### [Information]
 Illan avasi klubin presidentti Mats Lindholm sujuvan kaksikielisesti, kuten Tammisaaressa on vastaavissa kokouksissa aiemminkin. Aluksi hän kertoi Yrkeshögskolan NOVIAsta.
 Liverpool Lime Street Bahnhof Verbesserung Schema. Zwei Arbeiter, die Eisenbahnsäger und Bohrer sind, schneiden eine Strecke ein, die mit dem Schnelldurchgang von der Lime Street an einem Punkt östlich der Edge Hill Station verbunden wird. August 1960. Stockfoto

---

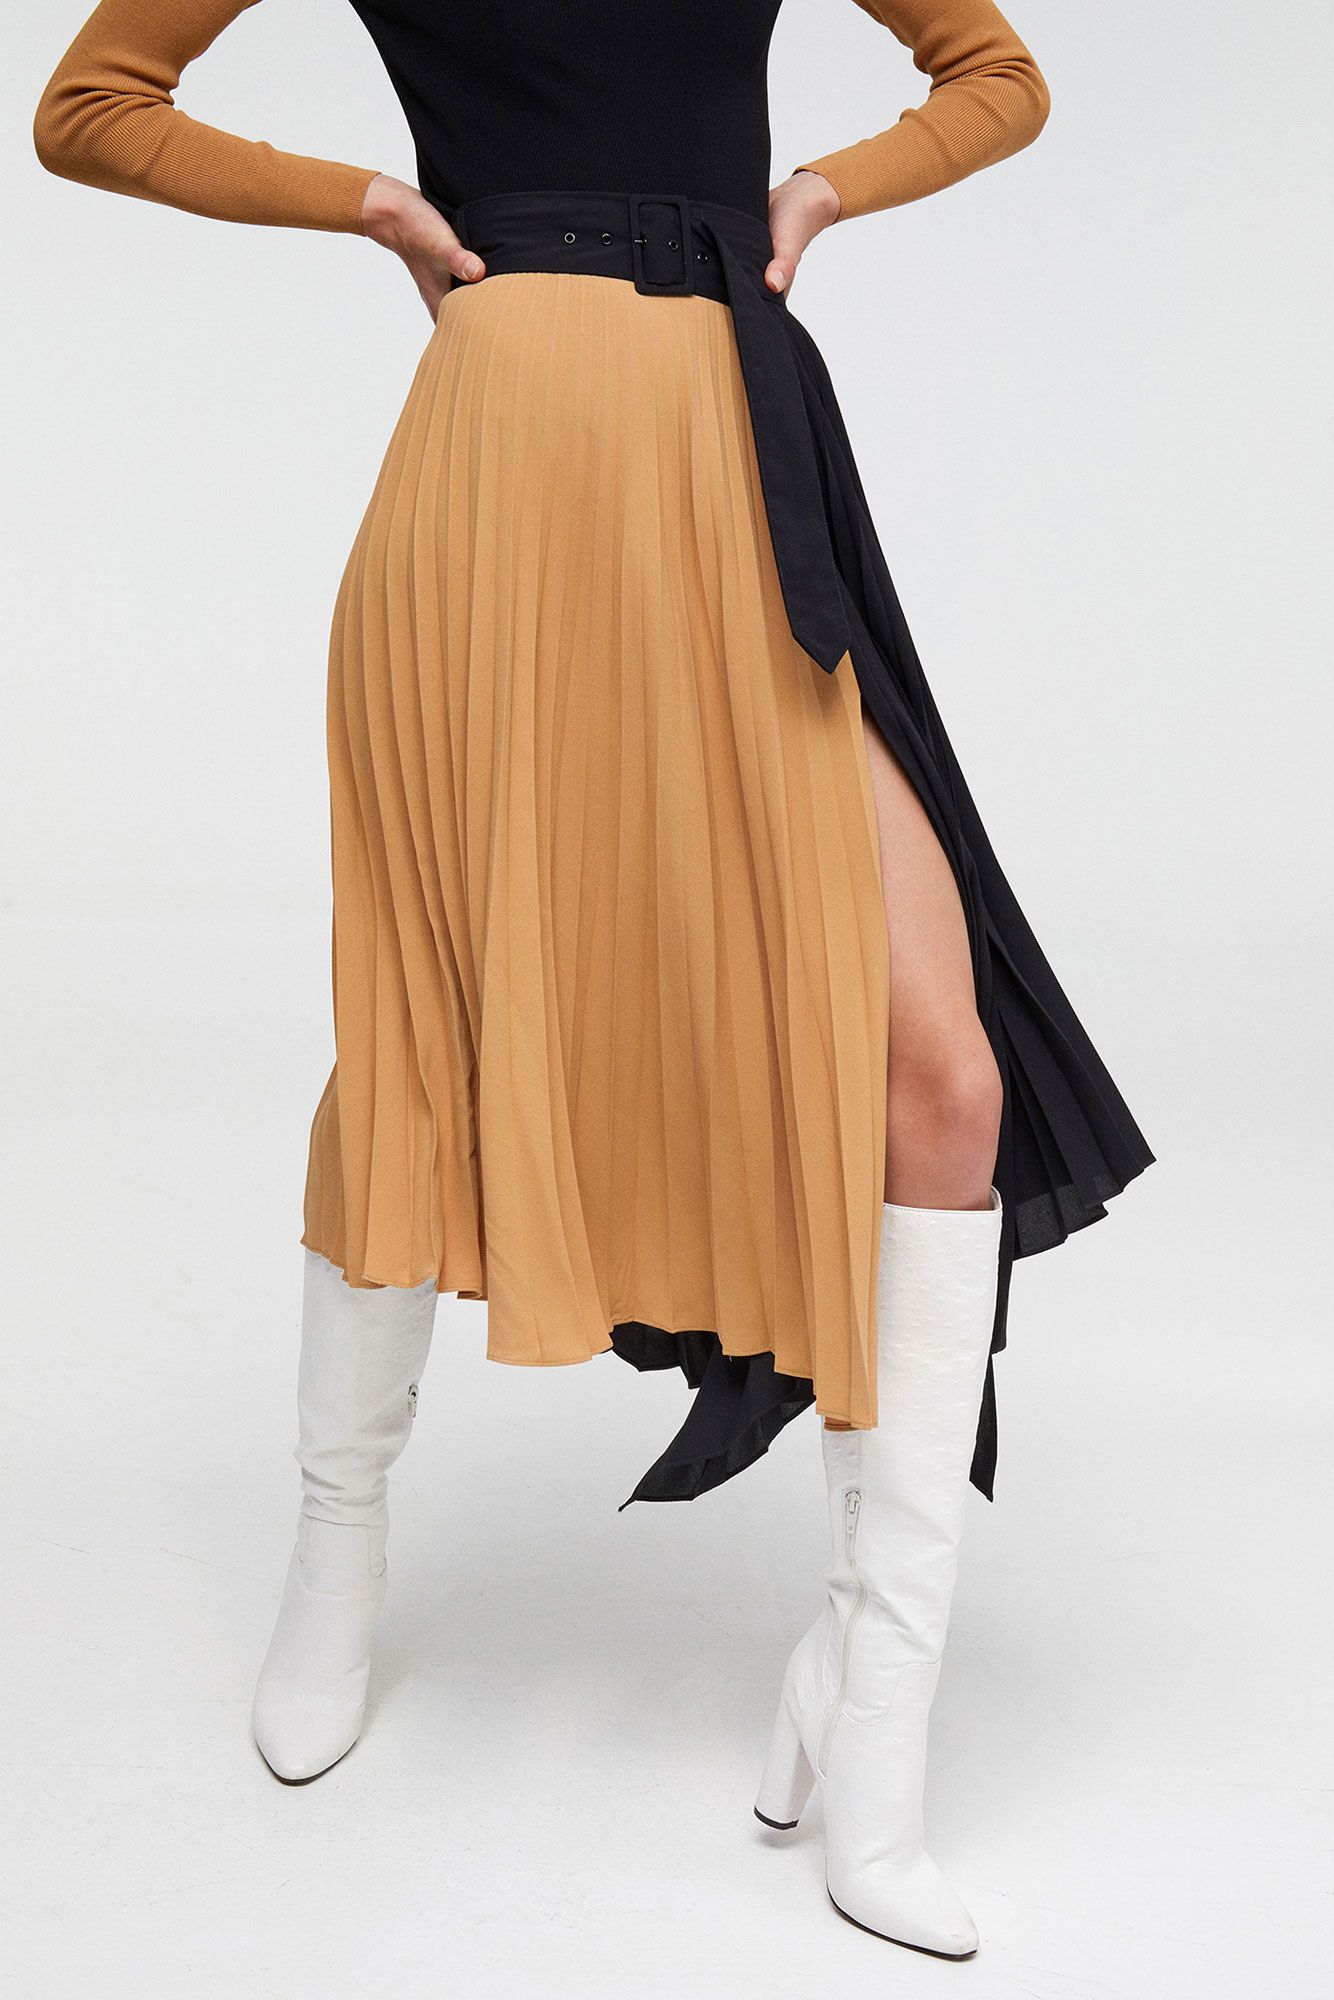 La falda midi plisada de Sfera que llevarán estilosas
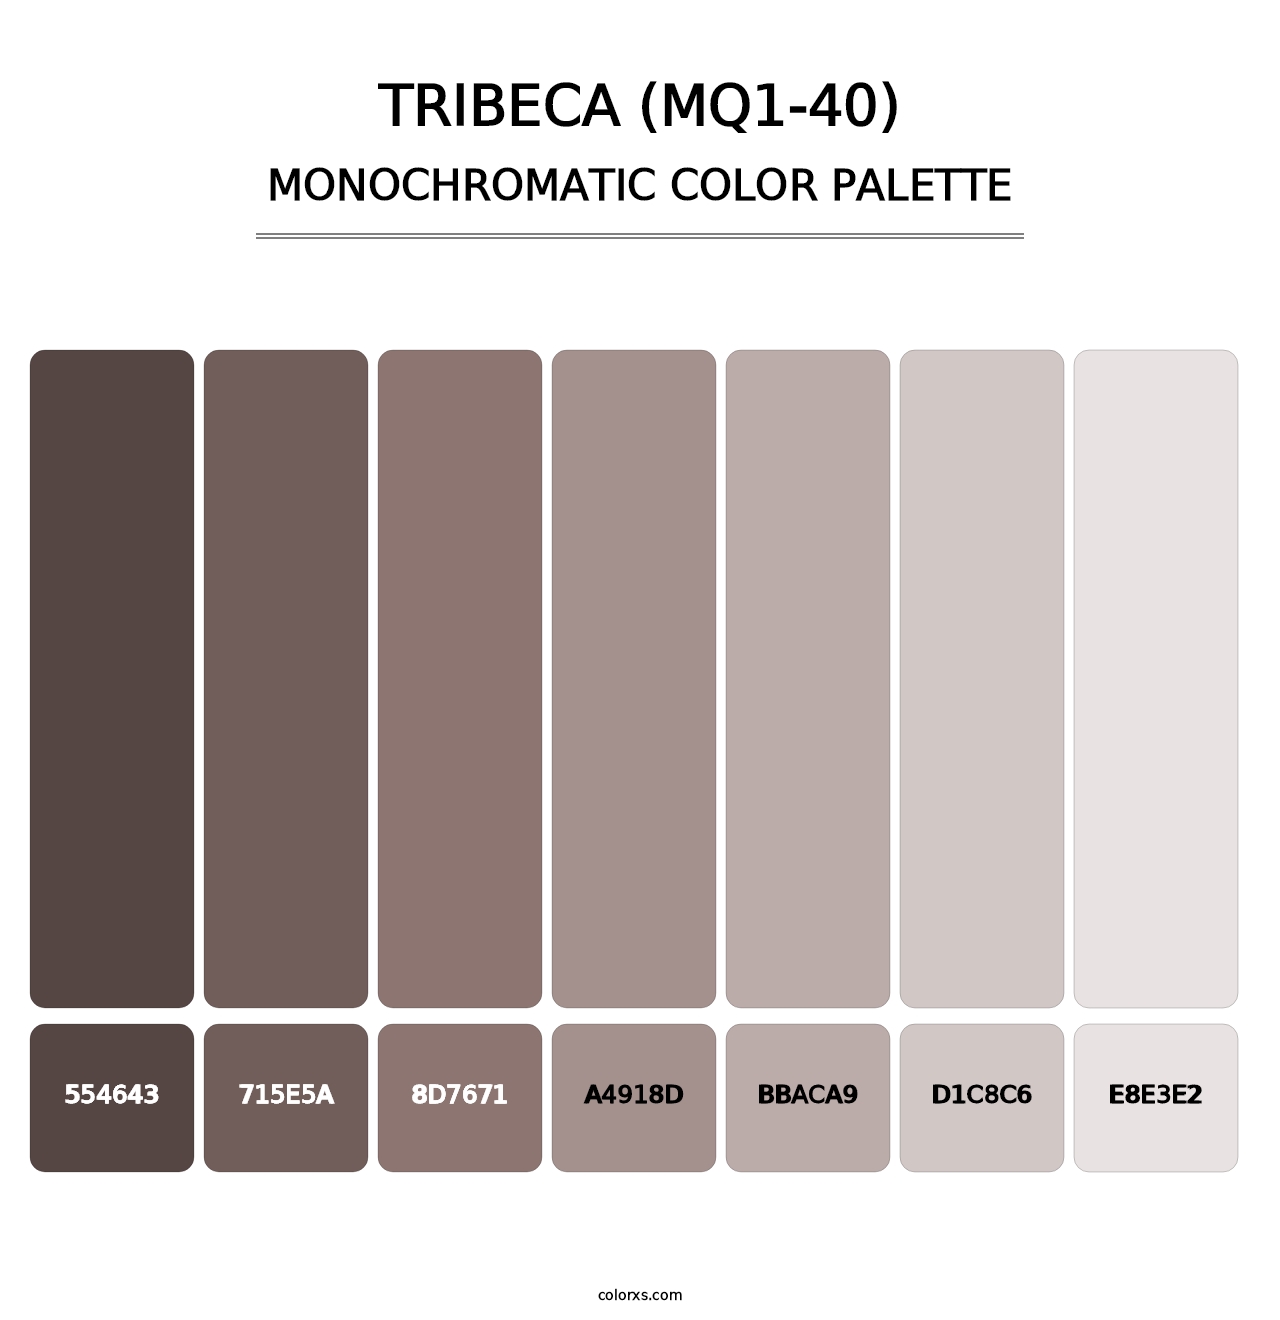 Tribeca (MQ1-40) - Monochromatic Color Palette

==

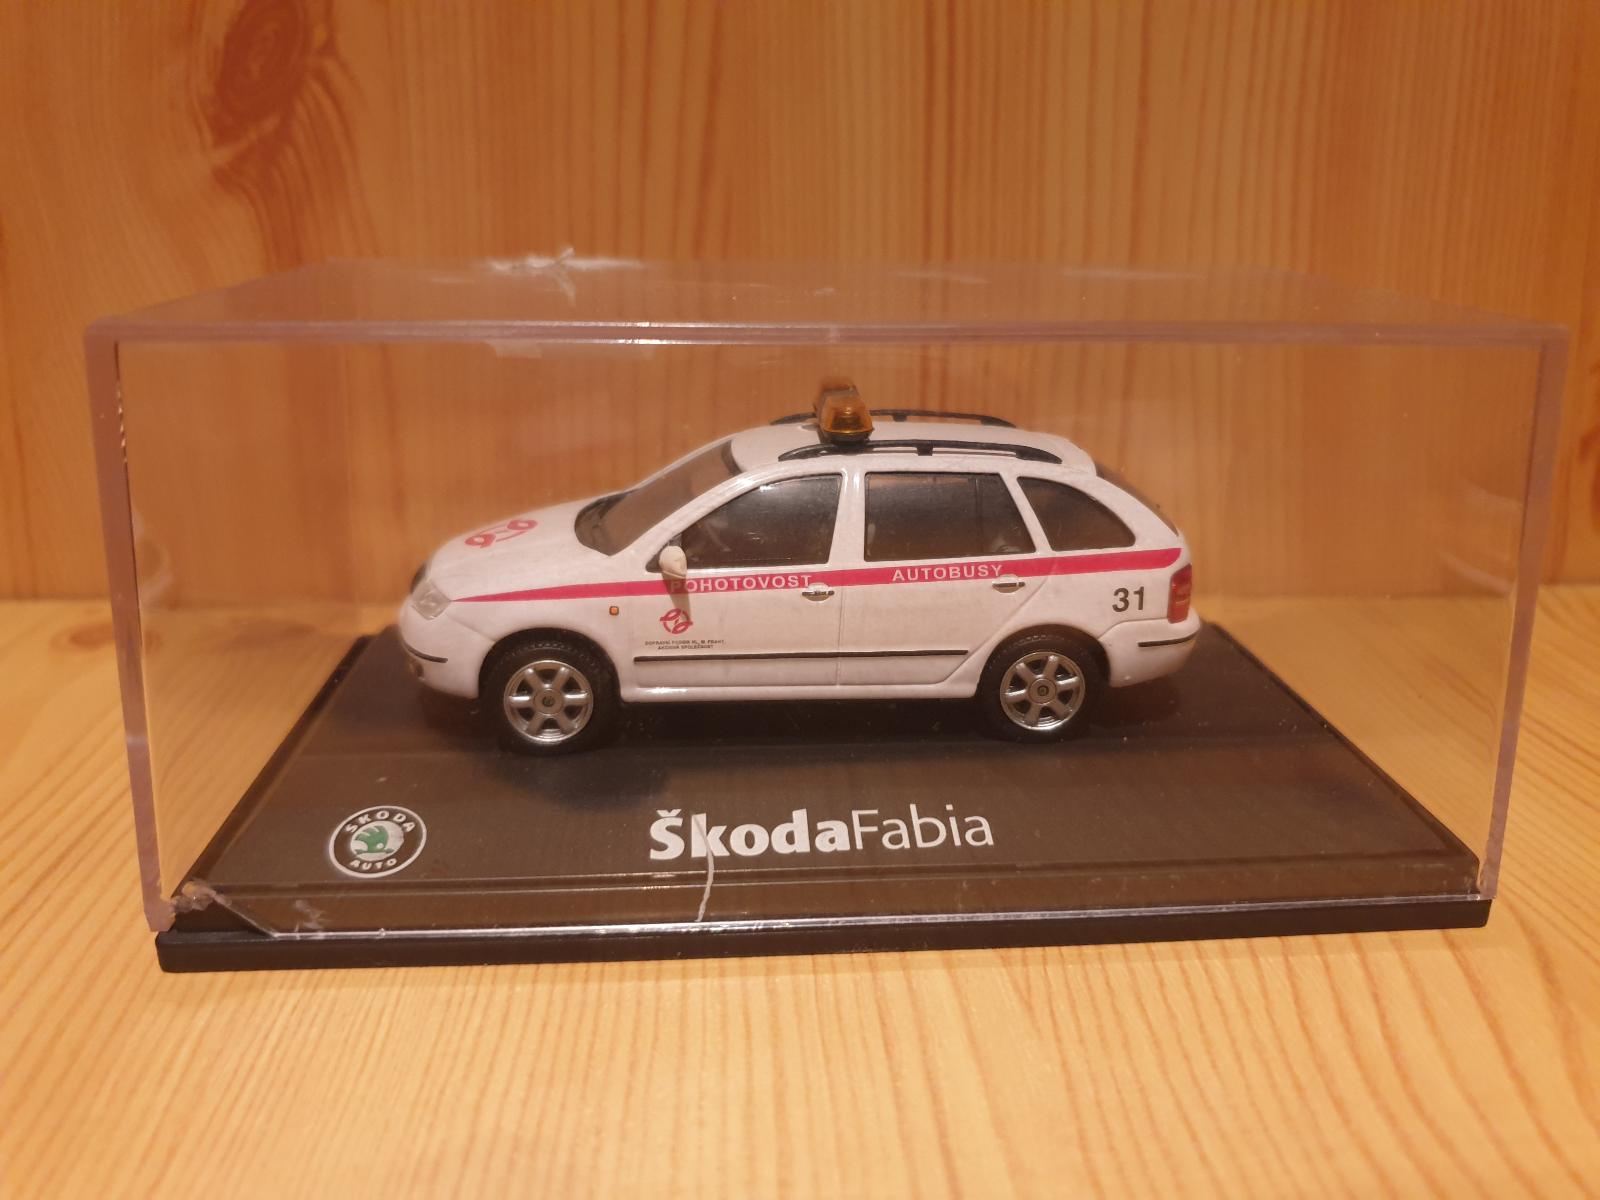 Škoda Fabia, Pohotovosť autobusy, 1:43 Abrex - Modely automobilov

### [What is being asked]
From the entries above, give again exactly the lines running from the line with "Illan avasi klubin" to the line with "Liverpool Lime Street"; include both of those lines.

### [Task output]
 Illan avasi klubin presidentti Mats Lindholm sujuvan kaksikielisesti, kuten Tammisaaressa on vastaavissa kokouksissa aiemminkin. Aluksi hän kertoi Yrkeshögskolan NOVIAsta.
 Liverpool Lime Street Bahnhof Verbesserung Schema. Zwei Arbeiter, die Eisenbahnsäger und Bohrer sind, schneiden eine Strecke ein, die mit dem Schnelldurchgang von der Lime Street an einem Punkt östlich der Edge Hill Station verbunden wird. August 1960. Stockfoto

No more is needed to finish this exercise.